Una ricostruzione che la difesa ha sempre negato. Il punto cruciale su cui ci sarà battaglia sarà la dinamica della caduta, che secondo la perizia del consulente della procura, è incompatibile con un suicidio. Conclusioni, che come riferisce il quotidiano piacentino, secondo il medico legale Mario Tavani (che insieme al collega Attilio Maisto ha curato la perizia per la difesa) “risultano indubbiamente criticabili”, mentre “quelle sulla ricostruzione dinamica della precipitazione del corpo per alcuni versi inaccettabili”. Saranno prese in esame anche alcune testimonianze oculari: il racconto di alcune persone che hanno riferito di aver visto i due giovani litigare sul terrazzo sono state infatti cruciali per le indagini.

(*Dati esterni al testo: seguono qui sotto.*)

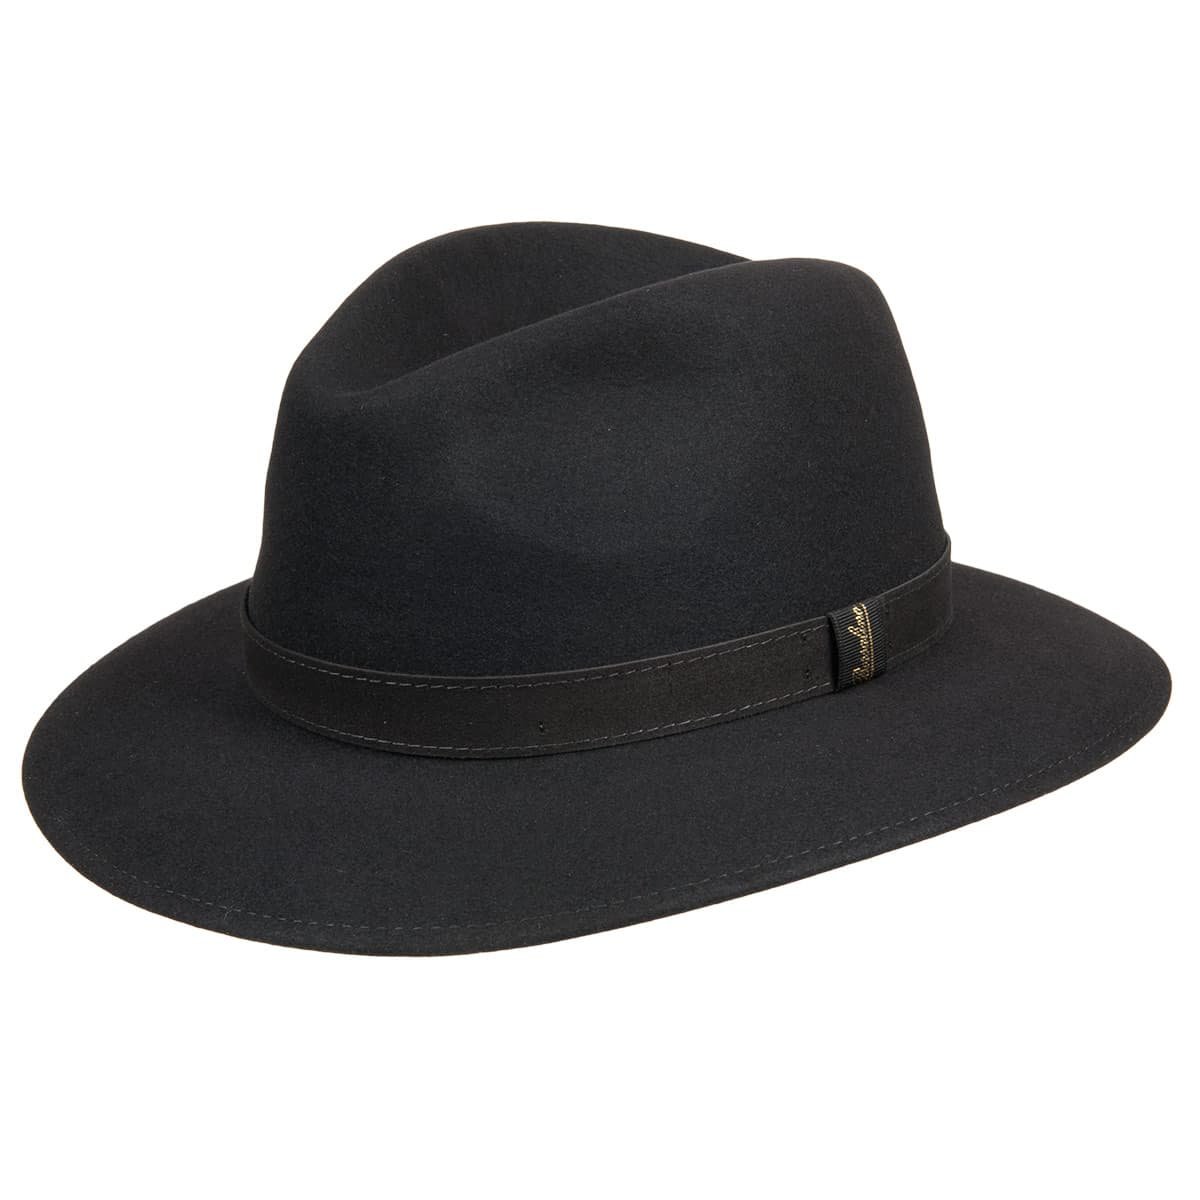 Men' hat by Borsalino Traveller of fur felt with a sporty leather strap set

E’ stata una di queste testimonianze, in particolare, secondo cui il ragazzo avrebbe spinto Aurora oltre il parapetto e l’avrebbe colpita sulle mani per farla cadere, a risultare cruciale nella decisione di arrestare il 15enne. Un dettaglio, quello dei colpi sulle mani, che sarà messo a confronto con gli esiti delle perizie: quella dell’accusa ritiene le ferite che Aurora aveva sulle dita compatibili con i colpi ricevuti per farla cadere, mentre secondo la perizia della difesa sono state procurate dall’impatto a terra.